All aspects of human development: biology, cognition, emotion, morality, social, intellectual, language.
Why study child development?
- Basic scientific understanding
- Understanding human nature
- Caring for children
- Social policy and practice
- Psychological literacy
If we can monitor child development we can track developmental milestones and understand expectations of a child at a particular stage of development. This can be useful for determining whether a child’s development is considered to be typical or atypical and give appropriate support. In terms of education, it is important to know the abilities of children to target learning and encouraging healthy development.
What are baby biographies?
Case studies on babies
How was development studied in the past?
• Piaget’s 3 children
• Darwin “Biographical Sketch of
an Infant” (1877) based on his son William Erasmus Darwin
• Skinner “Baby in a Box” (1959)
+ Detailed first hand accounts
- subjective and unsystematic (choose what to record)
- retrospective
- limited reliability and external validity
How is development studied now?
- Cross-sectional studies
- Longitudinal studies (e.g., ALSPAC)
- Experiments
- Observations
- Interventions
- Surveys
What is the ALSPAC
Avon Longitudinal Study of Parents and Children setup by the university of Bristol which has tracked parents and their children from birth with many follow up surveys with an initial sample size of 14,138. This longitudinal programme is similar to those done in the US (Early Childhood Longitudinal Program) which had 5 follow-ups to 2007-2008, ages 6-7 with an initial sample size of 14,000 and New Zealand (Dunedin Multidisciplinary Health and Development Study) which had follow-ups aged 3, 5, 7, 9, 11, 13, 15, 18, 21, 26, 32 and 38 years; next at 44-45.

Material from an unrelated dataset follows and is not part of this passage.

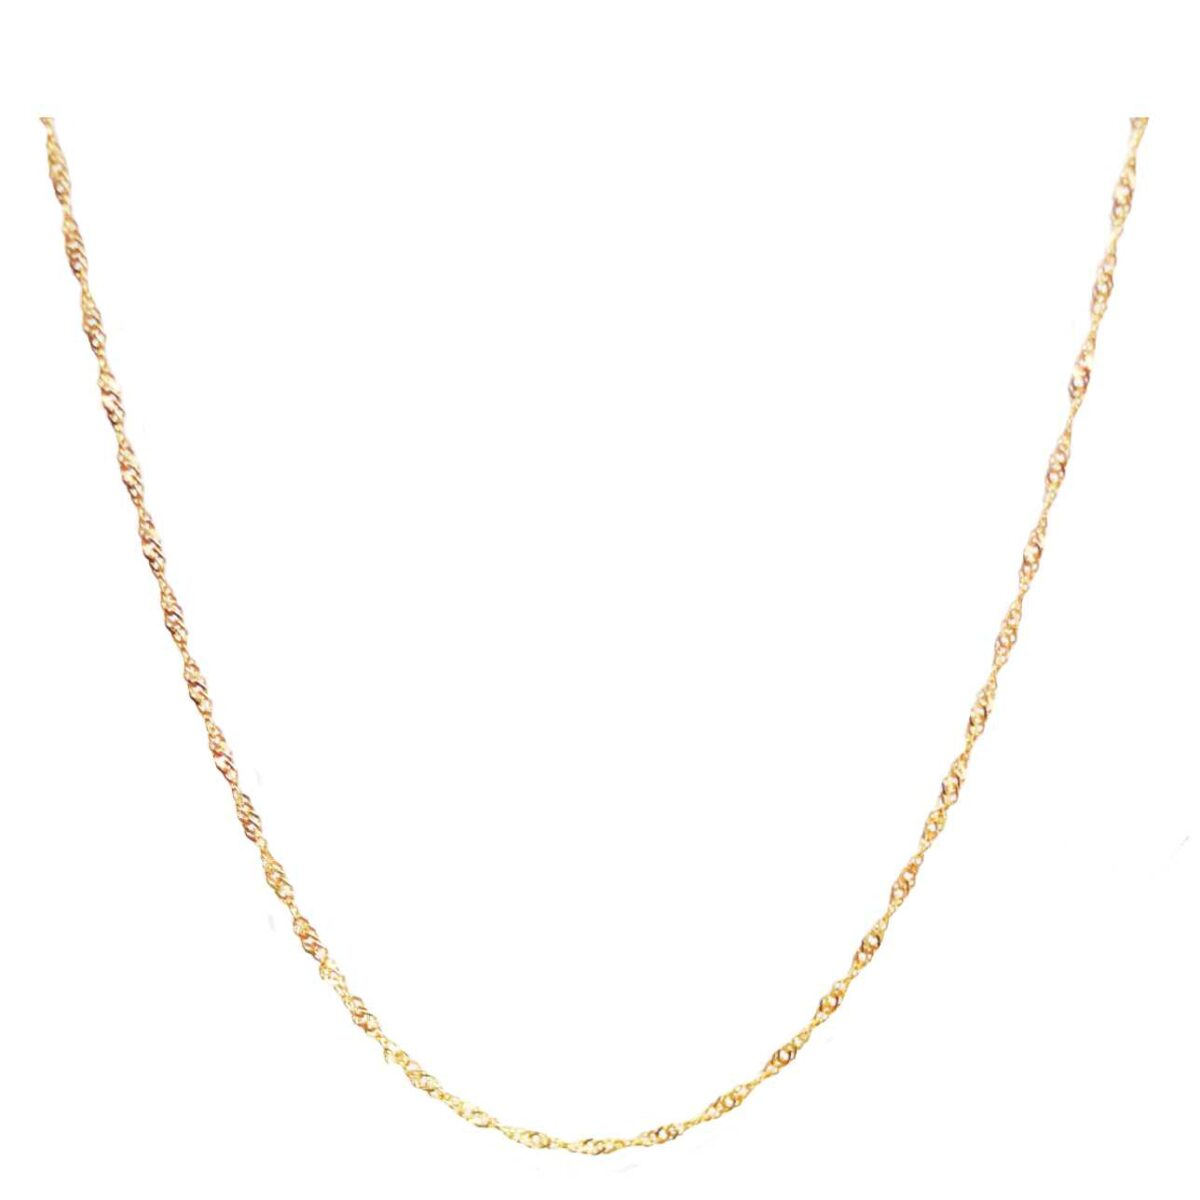 Twist me chain II gold plated

What is a cross-sectional design study?
A cross-sectional study involves looking at data from a population at one specific point in time. The participants in this type of study are selected based on particular variables of interest.
What is a longitudinal study?
A longitudinal study (or longitudinal survey, or panel study) is a research design that involves repeated observations of the same variables (e.g., people) over short or long periods of time (i.e., uses longitudinal data).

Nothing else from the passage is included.